Technology, real estate and consumer products are leading M&A sectors by transaction value in H1.
Domestic deal value increases 67 percent in H1, 2016, compared to H1, 2015.
Despite sluggish macro-economic situation at the beginning of 2016, overall deal activity in H1, 2016 was largely consistent with H1, 2015.
Saudi Arabia, the UAE and Egypt were the top three markets in terms of deal activity in H1 2016.
Announced deal value in the MENA region decreased from $21.9 billion in H1, 2015 to $19.7 billion in H1, 2016, a decrease of 10 percent.
Technology ($4.4 billion), real estate ($4.2 billion ) and consumer products ($3.7 billion) were the top three sectors by deal value in H1, 2016.
EY’s MENA Transaction Advisory Services Leader Phil Gandier says: “With modest recovery in the macro-economic situation, the outlook for M&A in H2, 2016 remains cautiously optimistic and the deal activity on a full year basis in 2016 is expected to mirror the performance in 2015.”
In H1, 2016, both from a deal activity and value perspective, significant portion of technology and real estate deals were outbound.
In line with the trend noticed in H1, 2015, acquisition capital allocation to outbound transactions in H1 2016 was at 52 percent of total deal value.
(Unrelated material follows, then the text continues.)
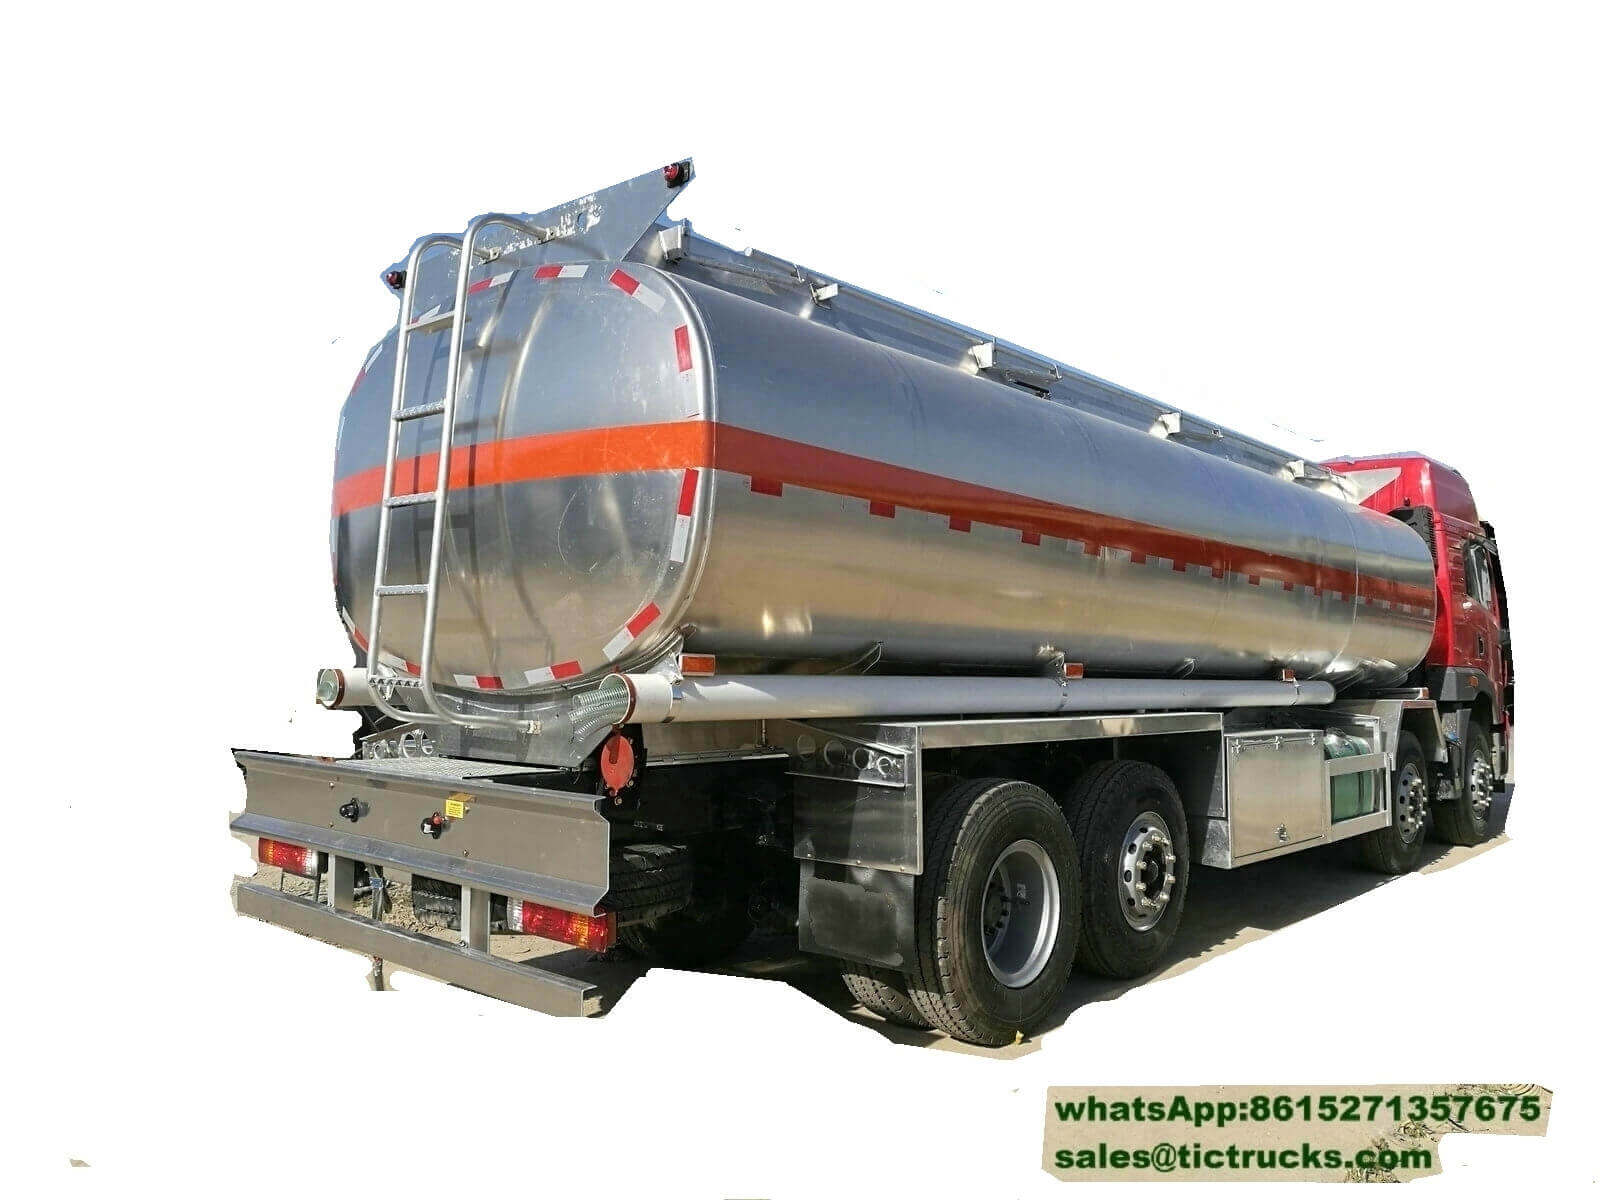 Camion-citerne -005-FAW-truck_1.jpg d'alliage d'aluminium
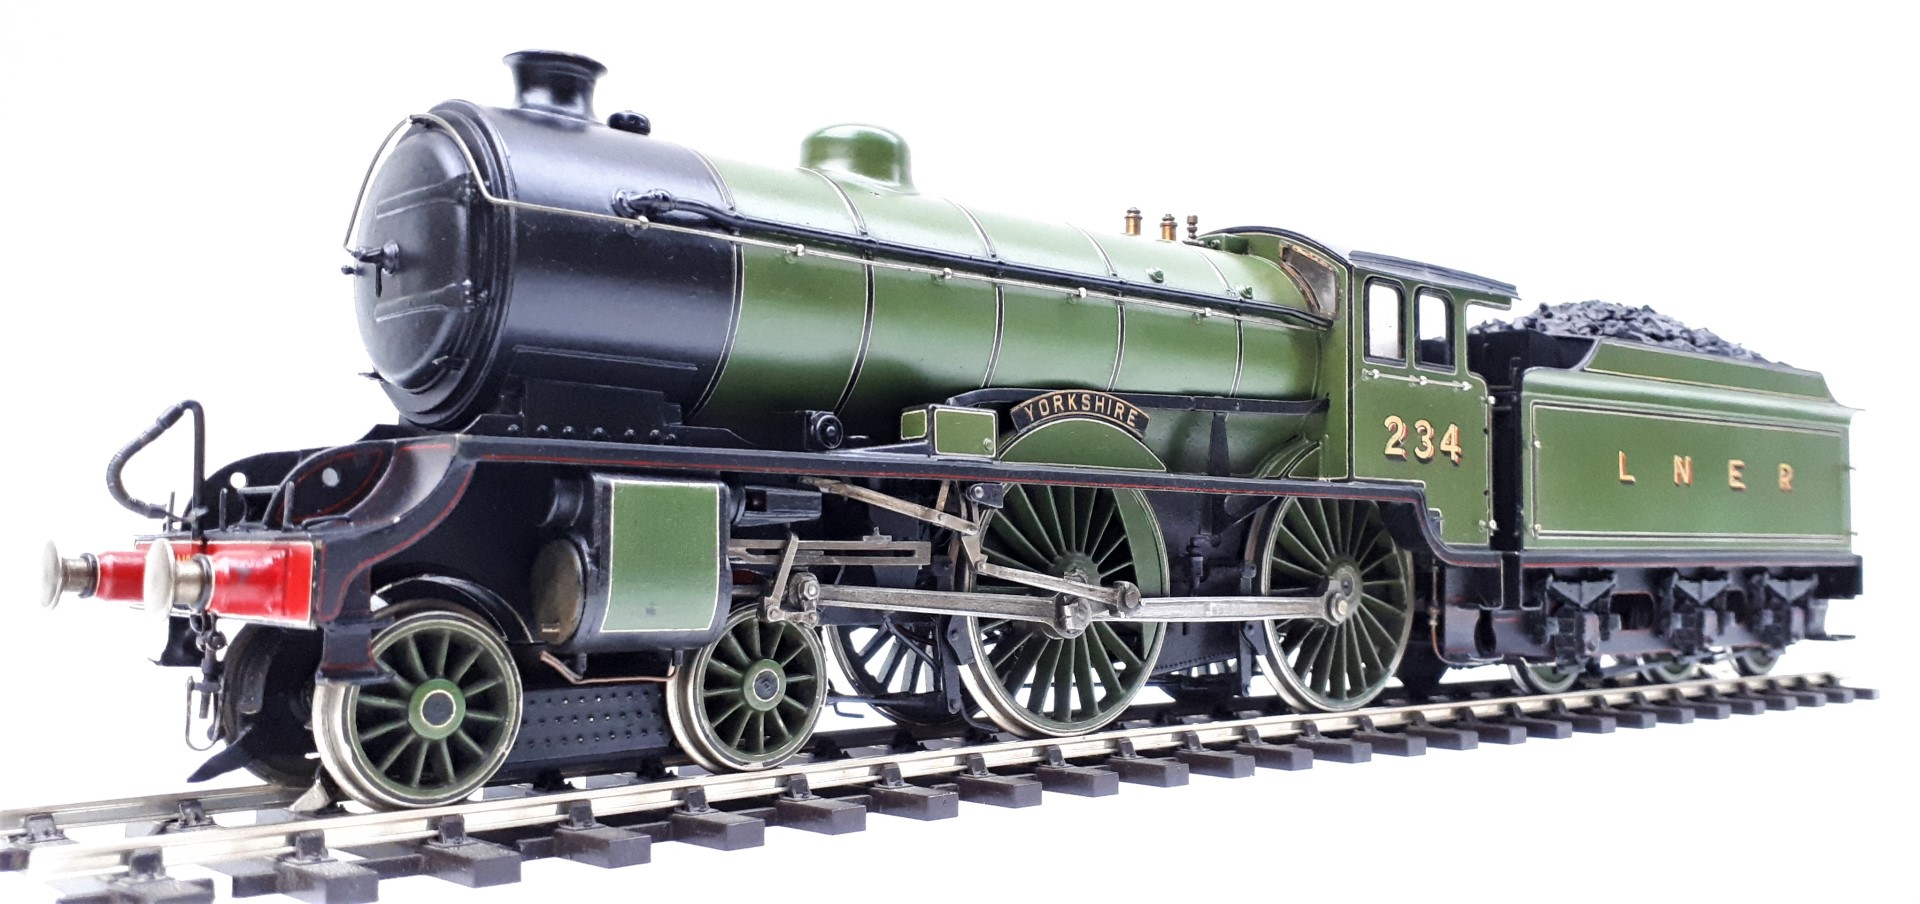 234 Yorkshire

Europe and the United States continued to be the top two destinations for outbound transactions.
Domestic M&As had a positive performance in the first half of 2016, recording an increase in value of 67 percent in H1, 2016, compared to H1, 2015. During this period, consumer products, industrial products, real estate, banking and capital markets witnessed significant deal activity.
EY’s MENA M&A and Equity Capital Markets Leader Anil Menon says: “Improving business sentiment and investor confidence is expected to see an uptick in domestic M&A activity during H2, 2016 especially in consumption led sectors in key markets such as Saudi Arabia and the UAE.